If you go here and read the part with a heading "Transaction Serialization" the text reads like so:

If a txin is not associated with any witness data, its corresponding witness field is an exact 0x00, indicating that the number of witness stack items is zero.

How do I know if an input I am using in my script is associated with witness data? I have tried using public API's to look at the outputs I am using and I cant understand what it means. I see witness fields associated with the inputs of the transaction that produced the outputs I am trying to include in my transaction but not the other way around..

cryptodescriptor

Posted 2018-11-05T18:10:17.373

Reputation: 35

Are you trying to create a transaction, or trying to parse an existing one?Pieter Wuille 2018-11-05T18:11:39.790

Trying to create a transaction.
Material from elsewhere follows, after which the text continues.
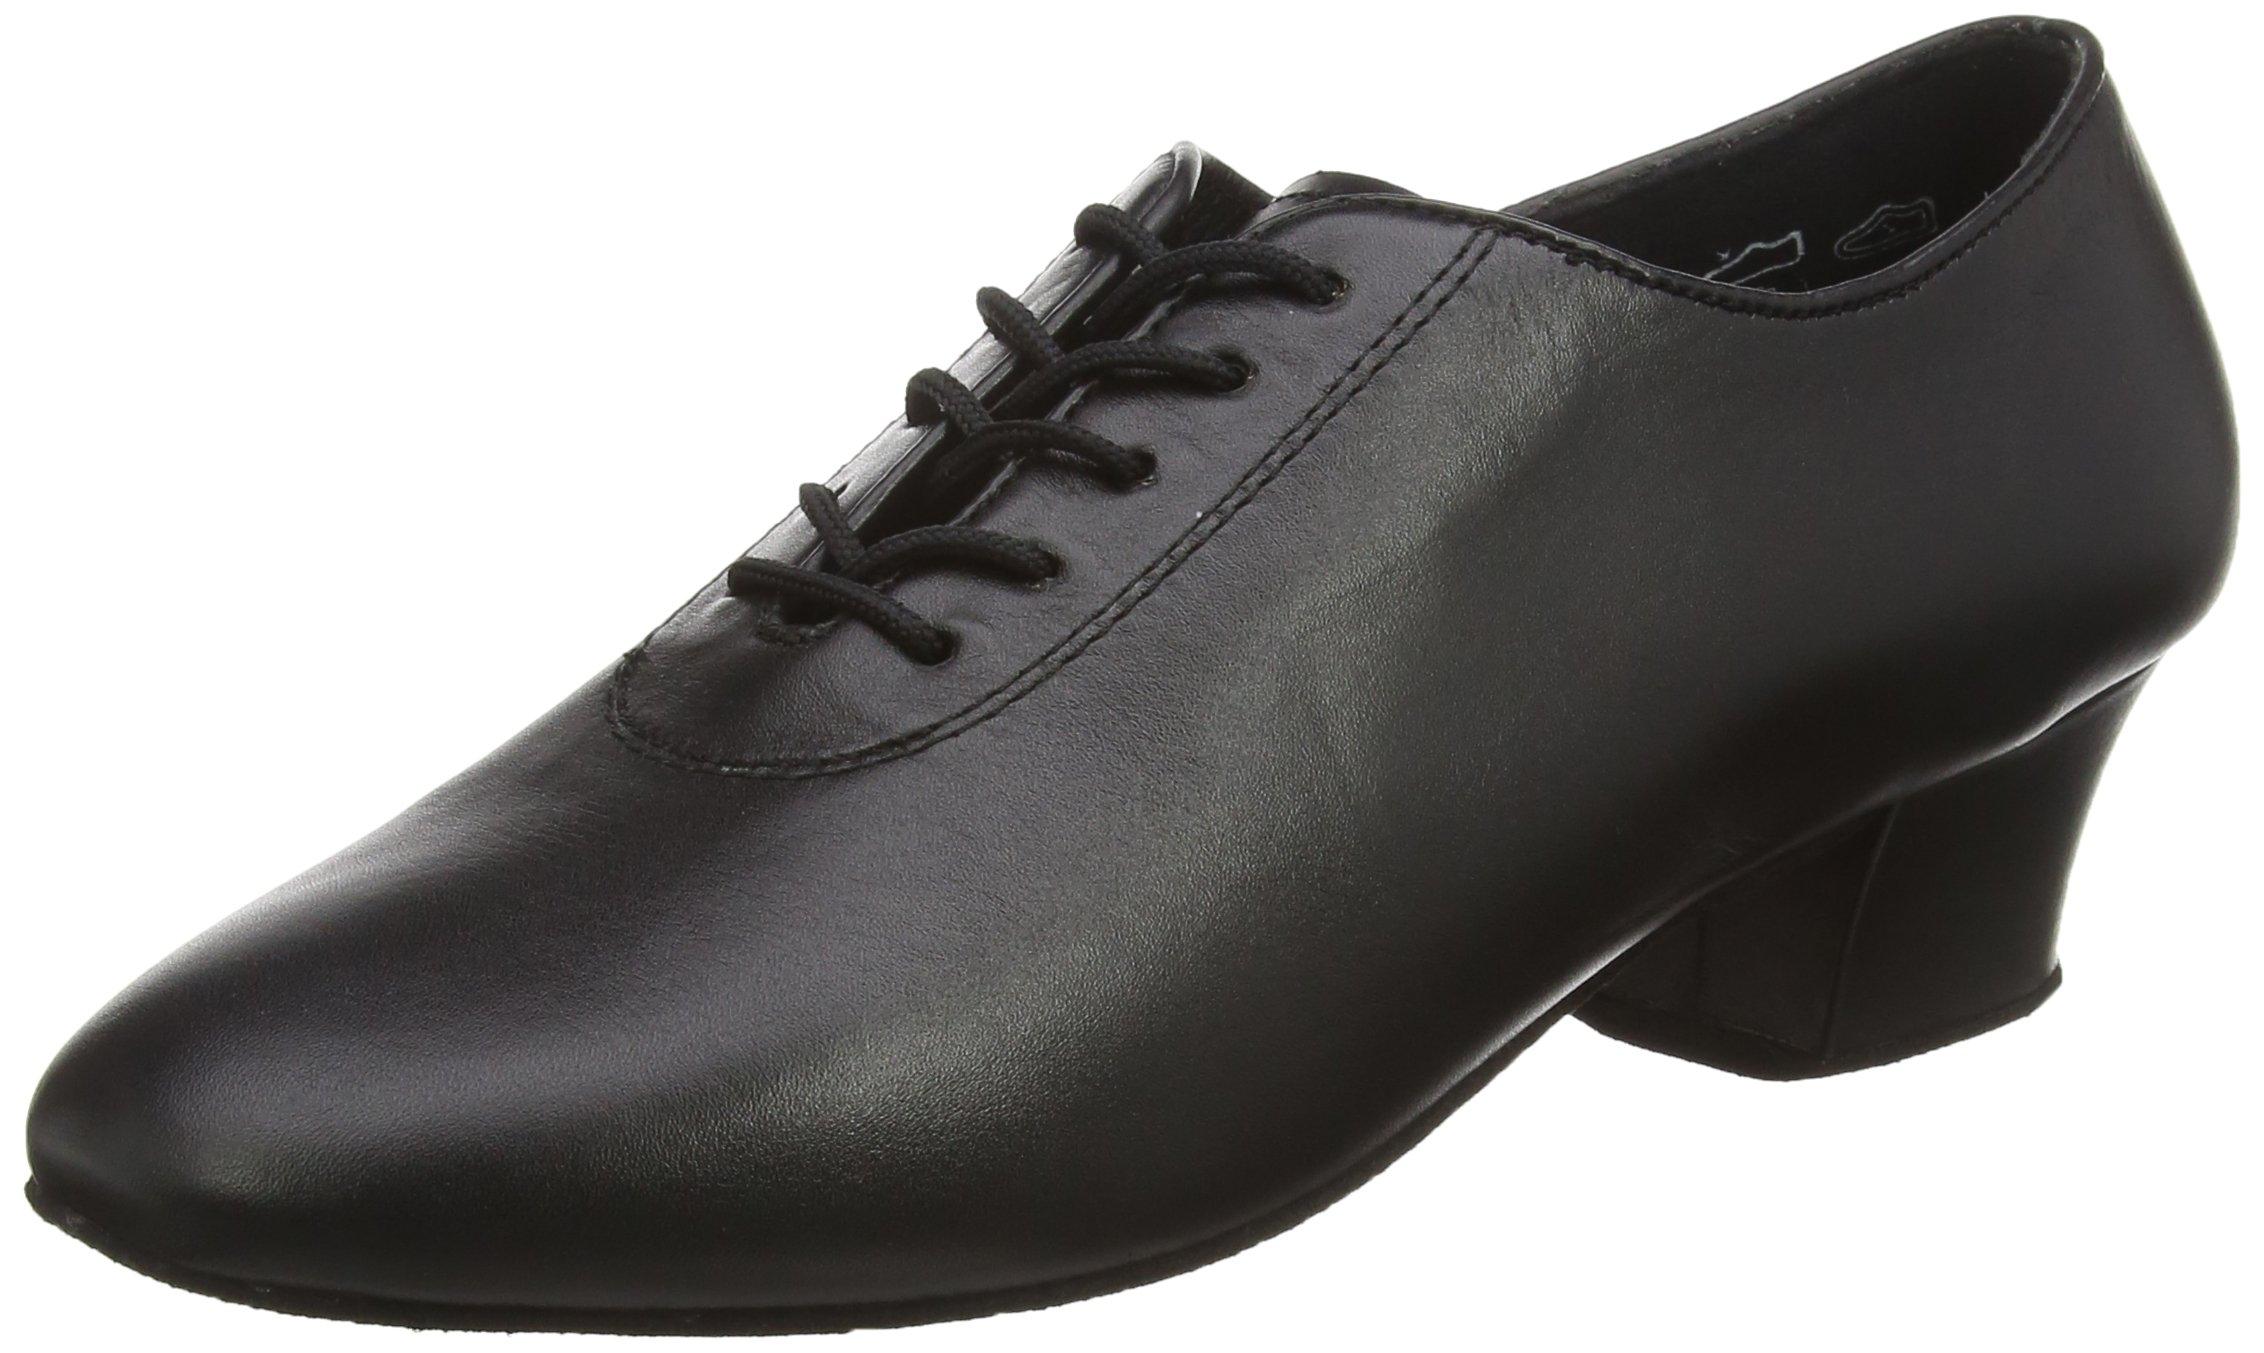 Diamant Men's Model 091 Latin Dance Shoe - 1 1/2'' (4 cm) Cuban Heel, 11 M US (10.5 UK) by Diamant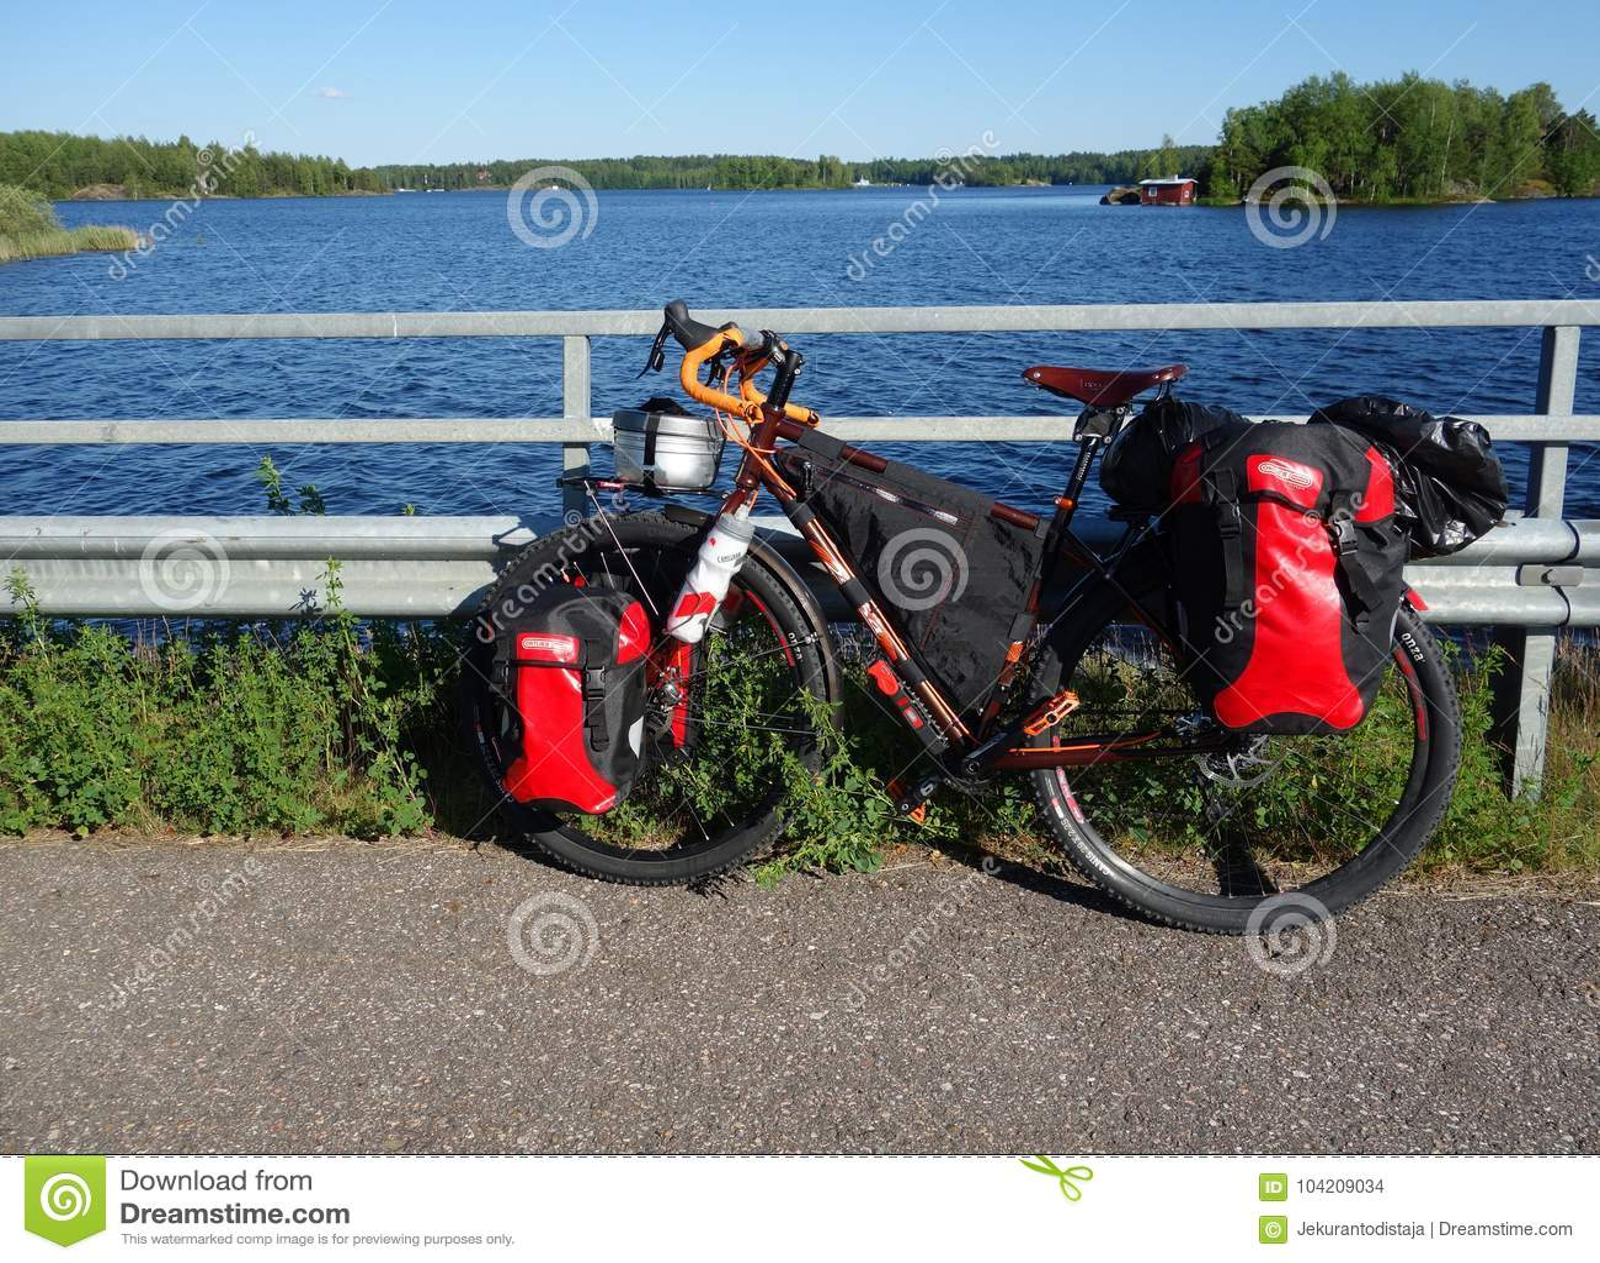 Adventure touring bike by lake Saimaa on summer evening

I would use the addresses to determine it but I know that it is impossible to tell a P2SH from a P2SH-P2WPKHcryptodescriptor 2018-11-05T18:15:42.947

You need to know what you're signing. Obviously you can't create a signature without the private key; equally you need to know whether it's a multisig or P2SH or P2WPKH or whatever script you're signing. The address is never enough.Pieter Wuille 2018-11-05T18:24:01.680

Understood. So if I have a bech32 or a p2sh-p2wpkh the input I possess will always be classed as being associated with witness data? But with a legacy address it will be never associated?cryptodescriptor 2018-11-05T18:27:43.453

1Spending a segwit output always requires a witness. Spending a non-segwit output never requires a witness. But I don't see how this information is helpful; you still need to know exactly how to construct the scriptSig and witness anyway, which depends on the type of script you're spending. It just so happens that all segwit scripts need a non-empty witness while others don't.Pieter Wuille 2018-11-05T18:30:56.210

I'm just trying to get my head around dynamically changing the serialization format based on if I want to spend an output from a segwit or none segwit address.cryptodescriptor 2018-11-05T18:39:08.837

The serialization doesn't depend on the output; only the data being serialized does. The zero byte just indicates "empty witness", in every situation (either spending a segwit or non-segwit output). An non-empty witness can not occur in a valid transaction that spends a non-segwit output, but your serializer shouldn't care about that.Pieter Wuille 2018-11-05T19:09:37.713

I'm starting to understand. Thankyoucryptodescriptor 2018-11-05T19:59:34.650

One more thing. I should probably open another question but I think it would be a repeat of https://bitcoin.stackexchange.com/questions/61290/what-is-ment-by-the-value-of-the-output-spent-by-this-input-in-bip-143. If I have multiple inputs what would the amount be for the hash preImage? I'm thinking the amount of the last input but I am not sure. It isn't very clear.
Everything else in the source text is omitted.